In the midst of a national backlash against police brutality and renewed discussion of Black Lives Matter, people are speaking up in support of BLM. As a result, in at least four cases, this speech, even when it has taken the form of apparel, has led to terminations by employers looking to dodge “political” standpoints.
In San Antonio, Texas, a teacher told local news sources that she was fired from her job at charter school Great Hearts Western Hills in late September, after she refused to stop wearing homemade masks emblazoned with slogans like “Silence Is Violence” and “Black Lives Matter.”
“This is human rights and it should be something that is promoted at our school. It’s an excuse to not talk about it by saying this is politics, talk about it on your own time. It’s just an excuse because they’re uncomfortable with the conversation,” White told CBS affiliate KENS 5 on September 21.
In Fort Worth, Texas, an attorney for a former Whataburger employee said the 19-year-old “lost her job at the fast-food chain shortly after her supervisor told her to remove her Black Lives Matter mask when a white customer complained,” according to a Texas Tribune report from September 26.
Other people are using the momentum of the George Floyd uprisings and the national attention on Black Lives Matter to bring lawsuits against former employers who they accuse of punishing employees for their support of the movement. Former ‘Real Housewives of Atlanta’ cast member Claudia Jordan announced on September 21 that she is suing Biago Cru & Estate Wines, because she believes the company ended its professional relationship with her in 2018 due to her social media posts in support of Black Lives Matter.
In the lawsuit, Jordan claims that a representative from the wine company told her that “her social media posts against police brutality of African-Americans were ‘too slanted.’”

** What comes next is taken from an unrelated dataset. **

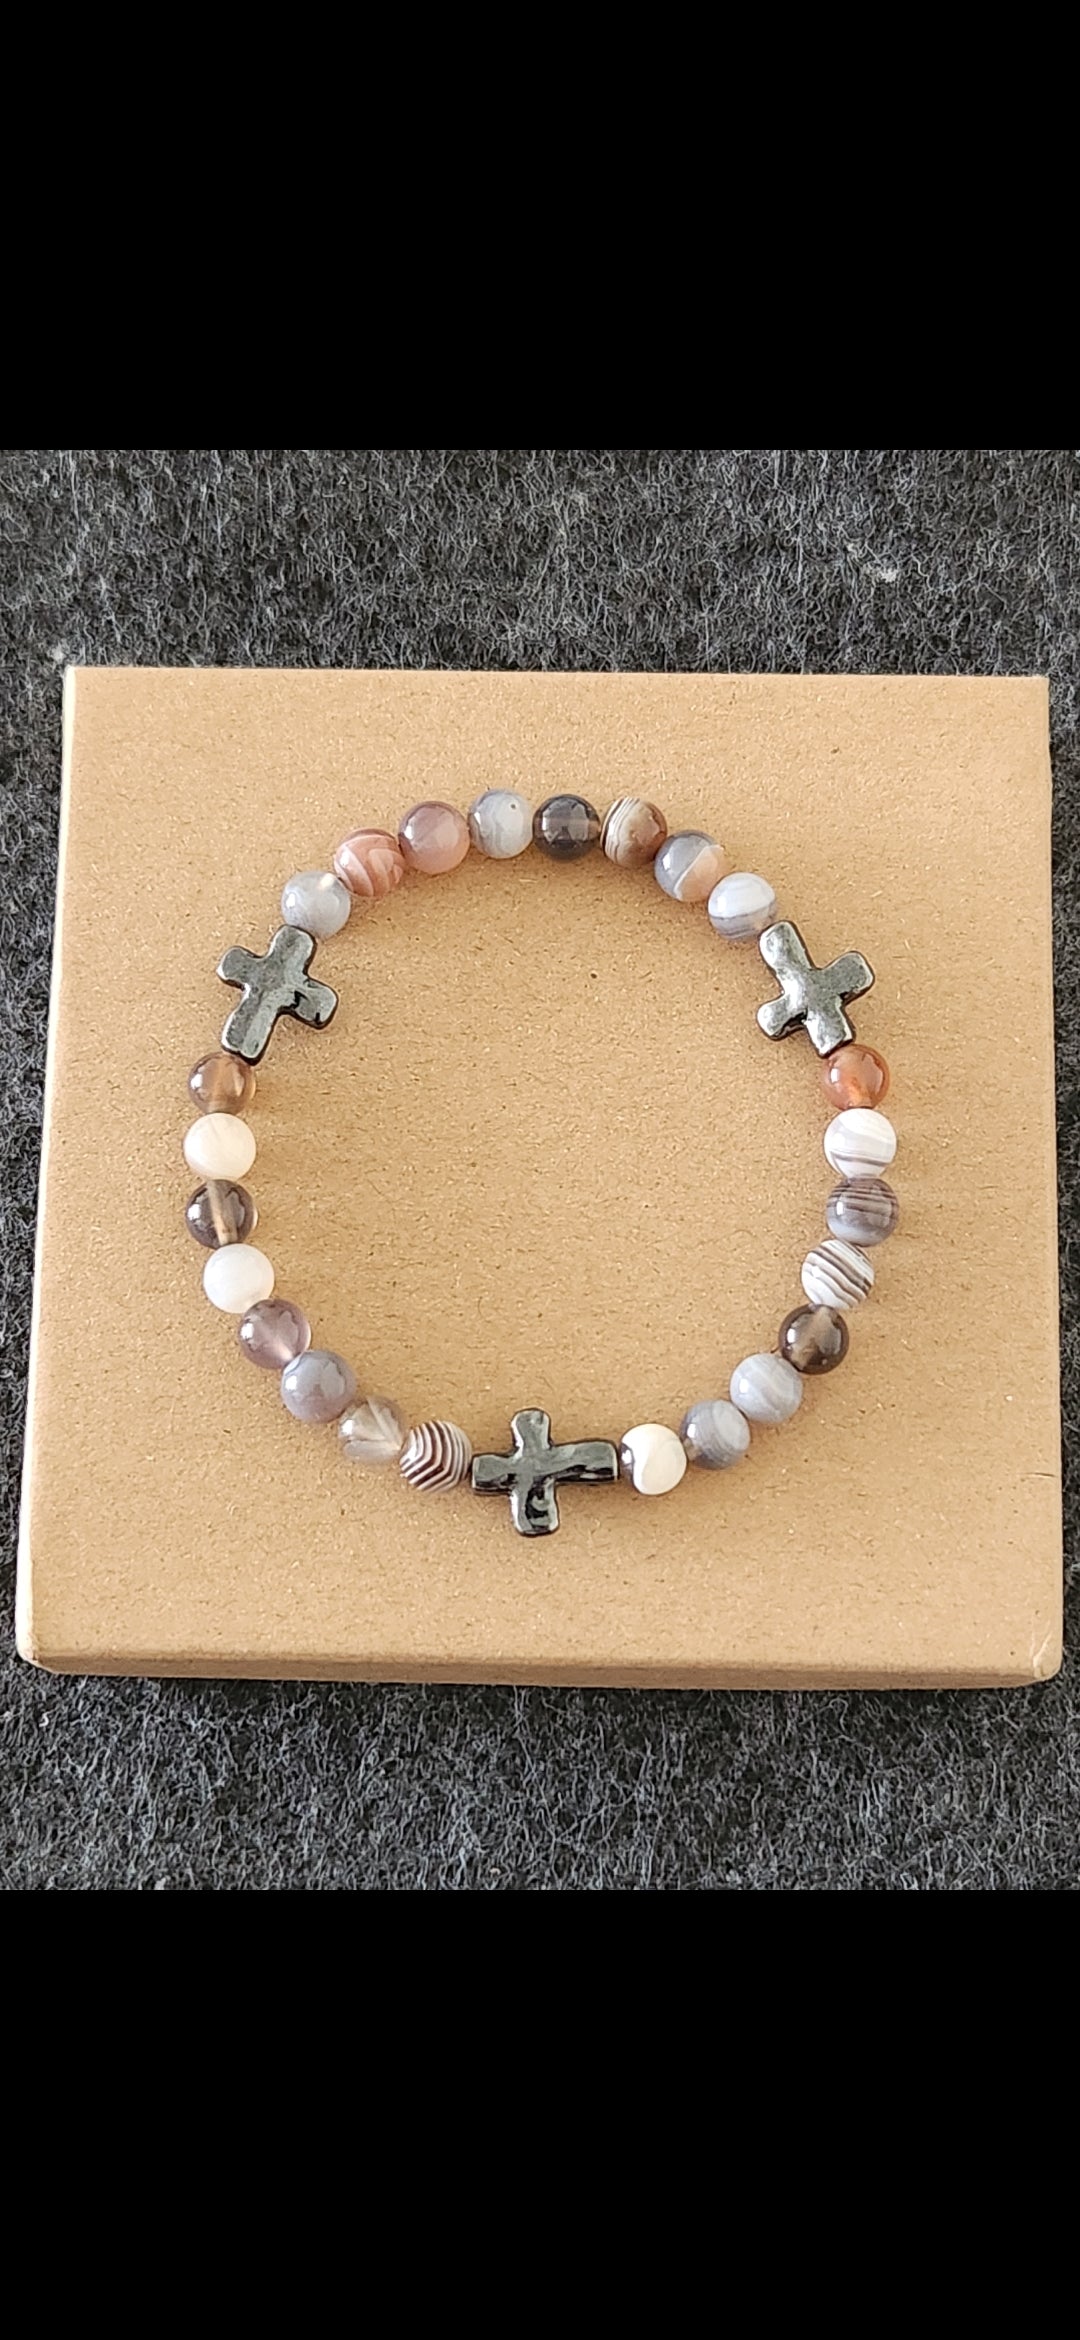 Botswana Sardonyx Agate Stone with Cross, bracelet - religious - inner peace - comforting - loneliness
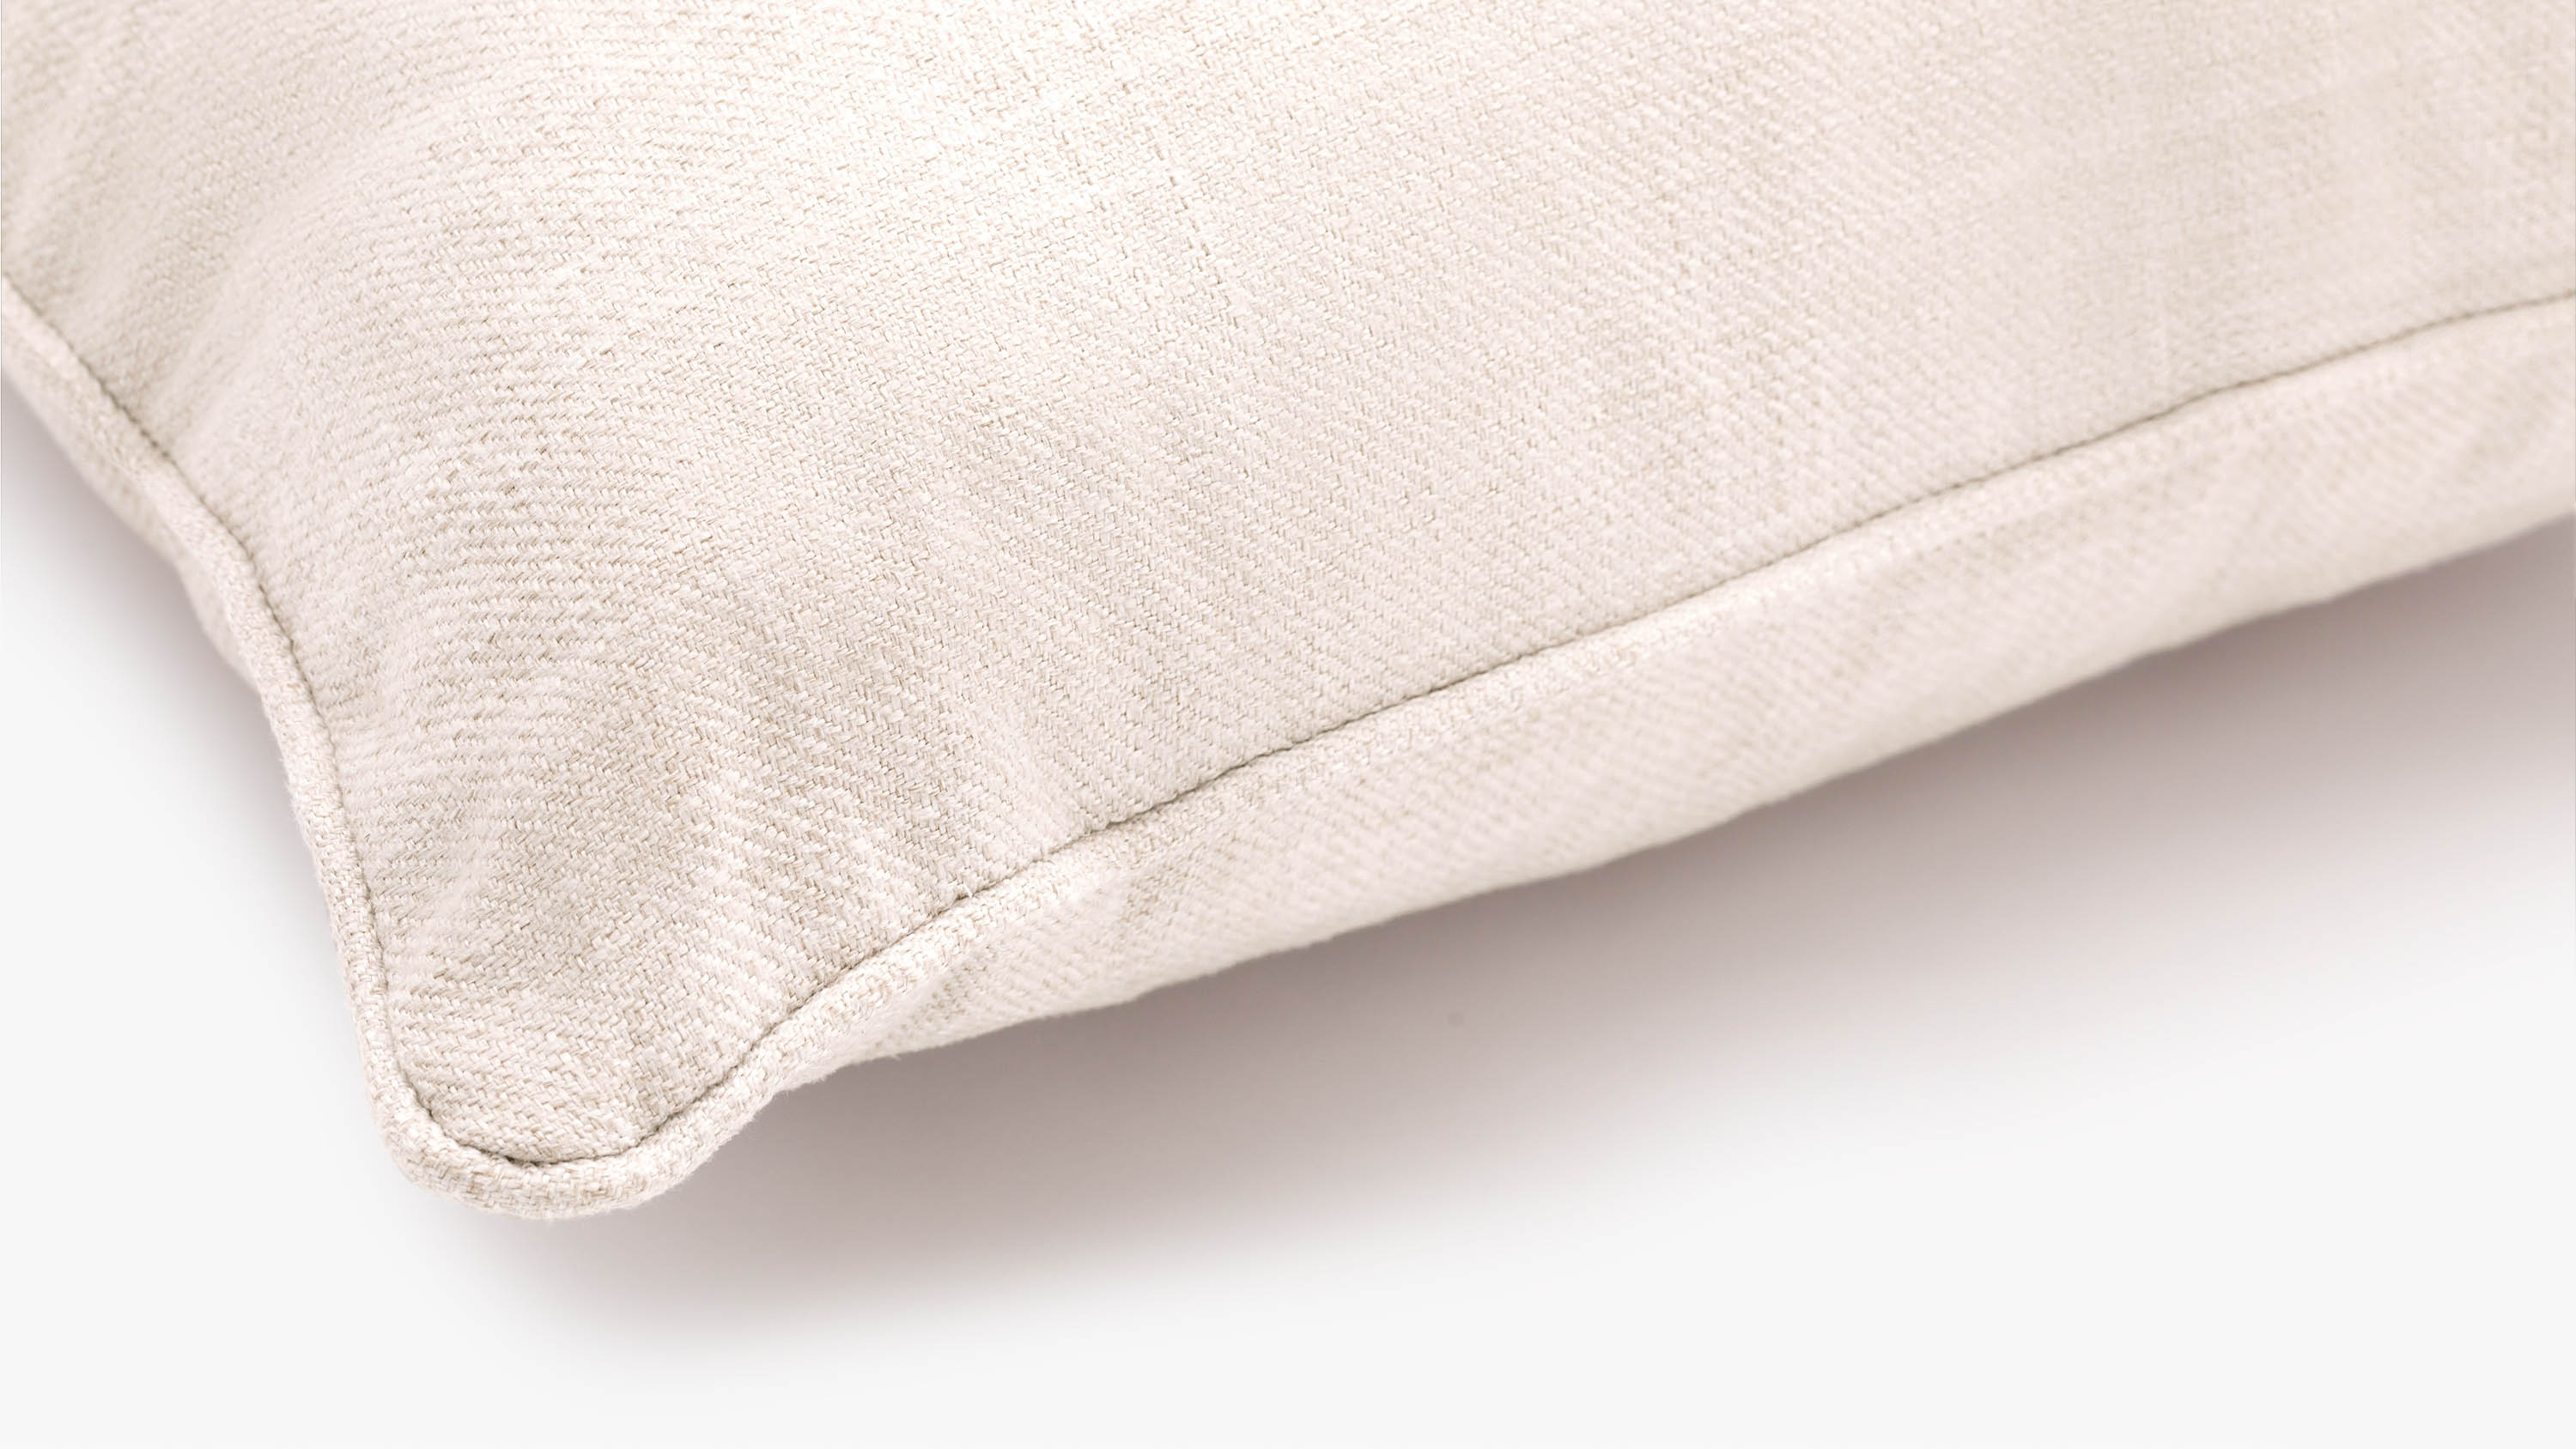 The eden fabric cushion - cream

On September 18, in Philadelphia, Pennsylvania, a former police officer announced that he filed a lawsuit against the PPD, in order to get reinstated in a job he said he believes he lost for speaking up about the racism he experienced in the department as a Black man, and for “his support on social media for Black Lives Matter.”
These claims, and the corporate reasoning behind them, are the latest in a wave of reports on BLM-related terminations. In June, a Taco Bell employee claimed he was fired for wearing a Black Lives Matter mask in the Youngstown, Ohio, location where he worked. Whole Foods workers sued their company in July, citing a series of firings and disciplinary actions for employees wearing Black Lives Matter apparel on the clock.
The employers accused of blocking their former employees’ BLM-related expression pointed to various, newly established rules about uniforms and masks when asked to justify their decisions. The superintendent at the San Antonio teacher’s charter school told KENS 5 that “a policy that face coverings have no external messages… authored by school leaders and teachers in service to the learning environment of our classrooms” was the reason behind the teacher’s firing.
The former Whataburger employee was told by her supervisor, in a taped conversation, that “Whataburger doesn’t want to get into anything political because we’re just hamburgers and fries.” The fast food chain later released a statement calling the reason for the worker’s termination “a disagreement over our company uniform policy.”
The Philadelphia Police Department did not respond to CBS Philly’s request for comment, but did deny the former officer a gun permit after he was terminated, saying he was “likely to act in a manner dangerous to public safety.” Biago Cru & Estate Wines told TMZ it cut contact with ex-Housewife Jordan over “legitimate, non-discriminatory reasons; namely, dissatisfaction with Ms. Jordan’s ability to boost sales in relevant markets.”